VOTERS IN THE states of Washington and Colorado recently voted to legalise cannabis for recreational use for people who are over 21-years-old. Along with these two states, another fifteen as well as the District of Columbia approve and regulate its medical use.
In the aftermath of the Washington and Colorado ballot, The Journal.ie ran a poll. Eighty-two percent said they were in favour of cannabis legalisation in Ireland for either recreational or medicinal use. This of course is in no way scientific – but is it now time for our government to take a closer look at our cannabis prohibition laws, and ask whether they are benefiting our society or causing more harm than good?
We need to ask: does cannabis prohibition work? The simple answer is no. We only have to look back in history to the era of Prohibition in the 1920s to understand why. Al Capone and his violent mob made millions of dollars from the illegal sale of alcohol. Today we are witnessing a similar trend in Ireland, with ruthless criminal gangs making a fortune (tax-free of course) from the sale of cannabis. Sadly, the monies raised often go on to fuel much more serious crimes such as gun crime, hard drugs and prostitution.
Legalising cannabis would automatically cut off this valuable revenue stream. Instead we could generate an unthinkable amount of tax revenue, which could be spent on much needed public services such as health, education and drug rehabilitation.

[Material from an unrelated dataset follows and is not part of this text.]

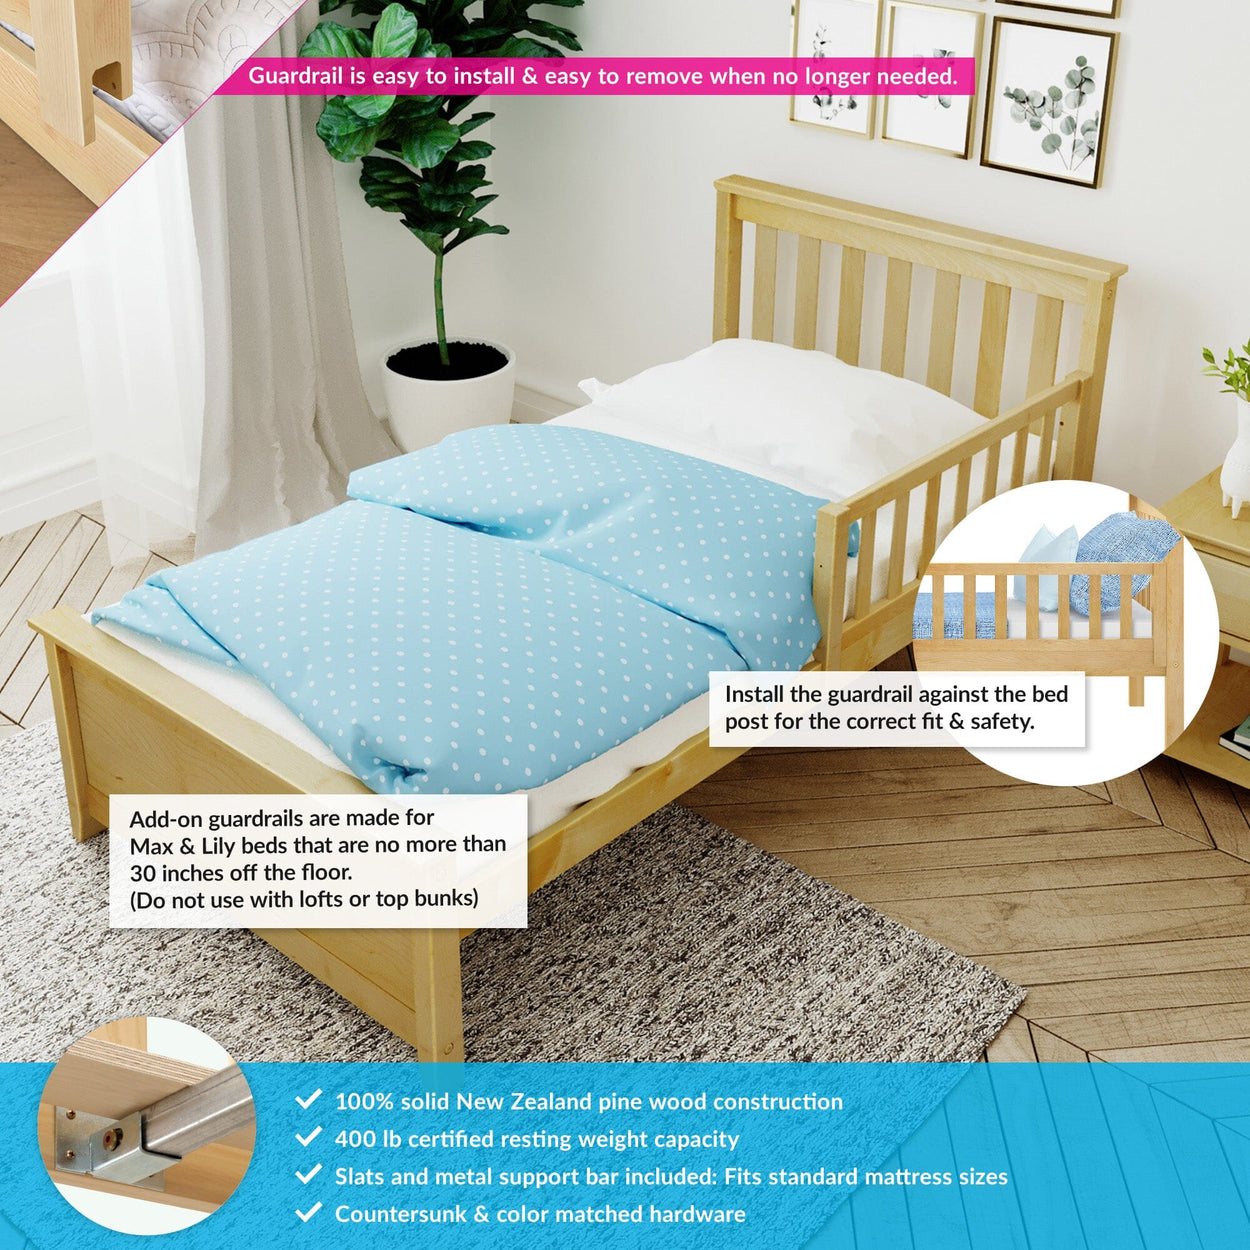 180210001109 : Kids Beds Twin Bed with Single Guard Rail, Natural

Cannabis prohibition also leaves market regulation in the hands of criminals – and unfortunately the health and wellbeing of the end user is the least of their concerns. It’s a serious issue that in Ireland today a 14-year-old can obtain cannabis more easily than they can alcohol. If cannabis was legalised the market could be regulated properly with an age restriction of 18 or 21 applied to it, making it safer than it currently is today.
Prohibition causes a major drain on our criminal justice system: how much valuable time and money is spent on chasing down and convicting cannabis growers and distributors in this country? If cannabis was legalised it would free up time and money which could then be used to target more serious crimes.

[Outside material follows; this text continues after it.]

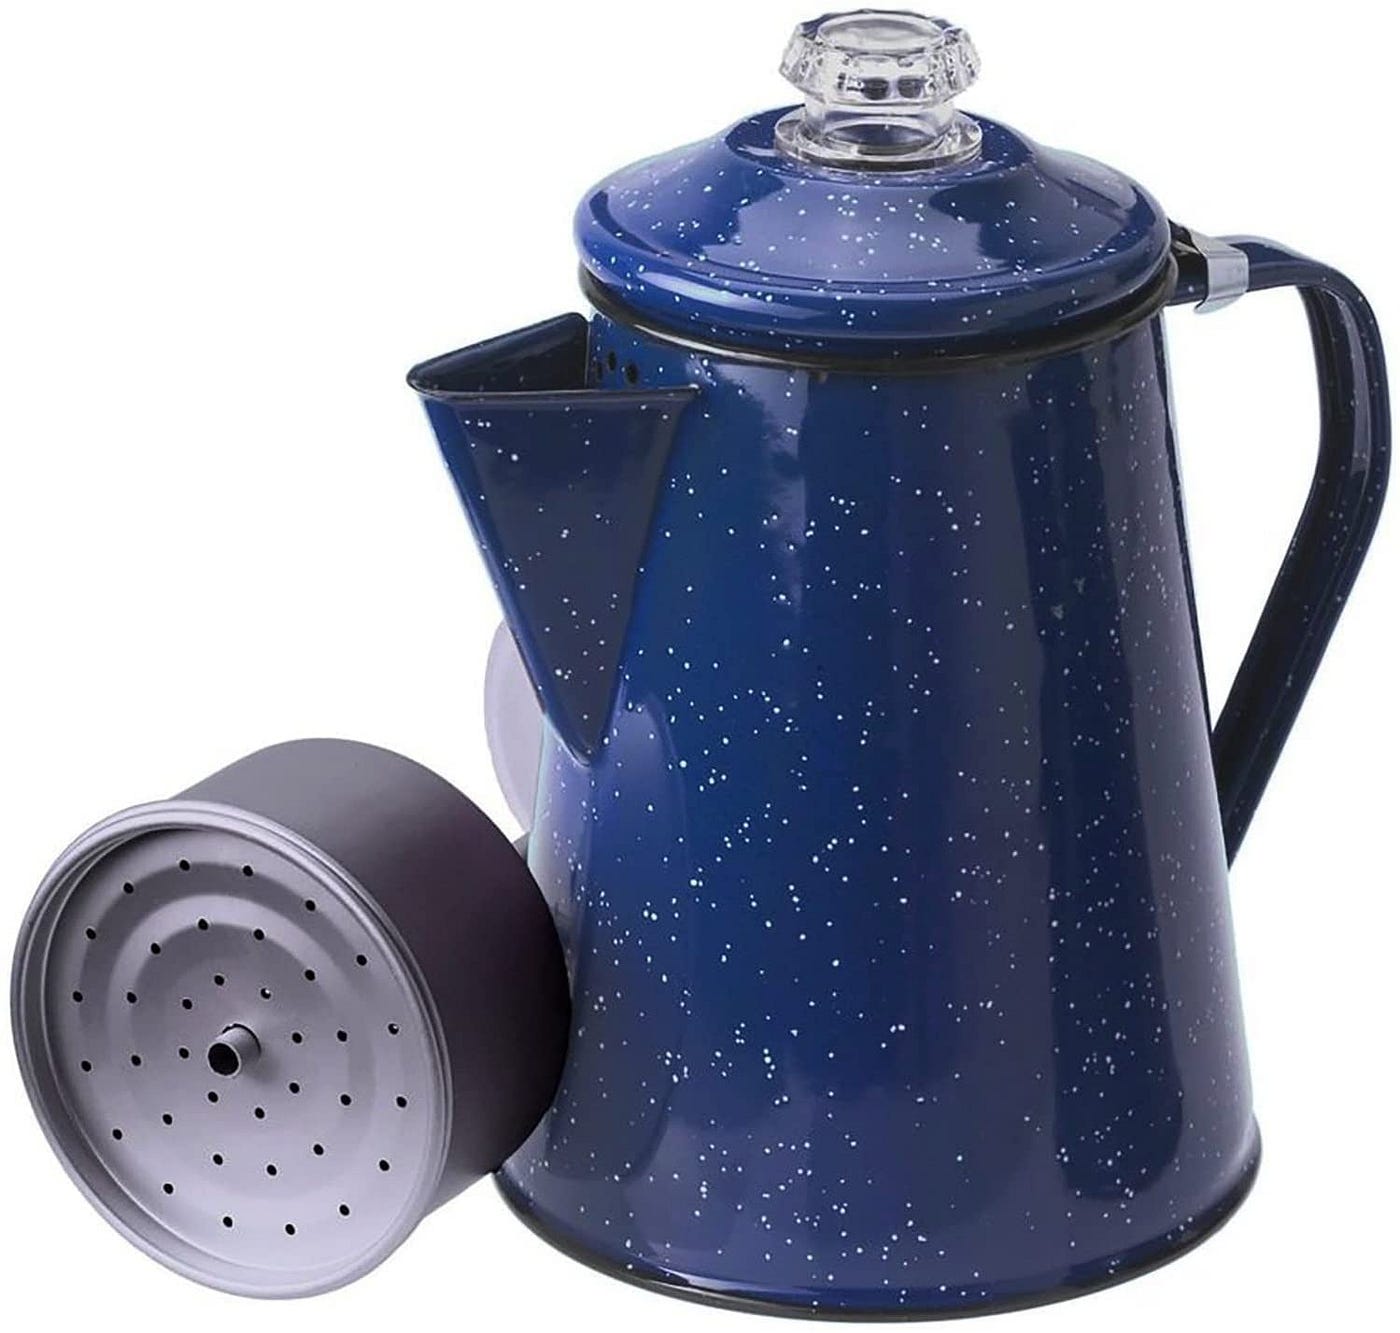 How to Use a Percolator

We also need to factor in the medicinal benefits of cannabis. The first recorded medicinal use of cannabis by Chinese emperor Shen Nung dates back as far as 2737 BC. In more modern times, it’s been put forward as a treatment or symptom reliever for a huge range of medical conditions including multiple sclerosis (MS), Parkinson’s disease, cancer, arthritis, asthma, epilepsy, digestive diseases, depression and many more. It’s hard to believe that we have a plant which has so many apparent benefits, yet we deny those who are suffering from these illnesses the opportunity of relief.
In my mind, prohibiting this substance whilst allowing people to suffer is the biggest crime of all. Now, let’s take a look at the reasons people give for why they oppose cannabis legalisation and the misconceptions people have about the prohibition laws they favour.
People say it’s harmful to your health. This seems to be the number one reason given for opposing legalisation. Yet if cannabis is already freely available and commonly used within our society, shouldn’t we be striving to limit its harmful effects?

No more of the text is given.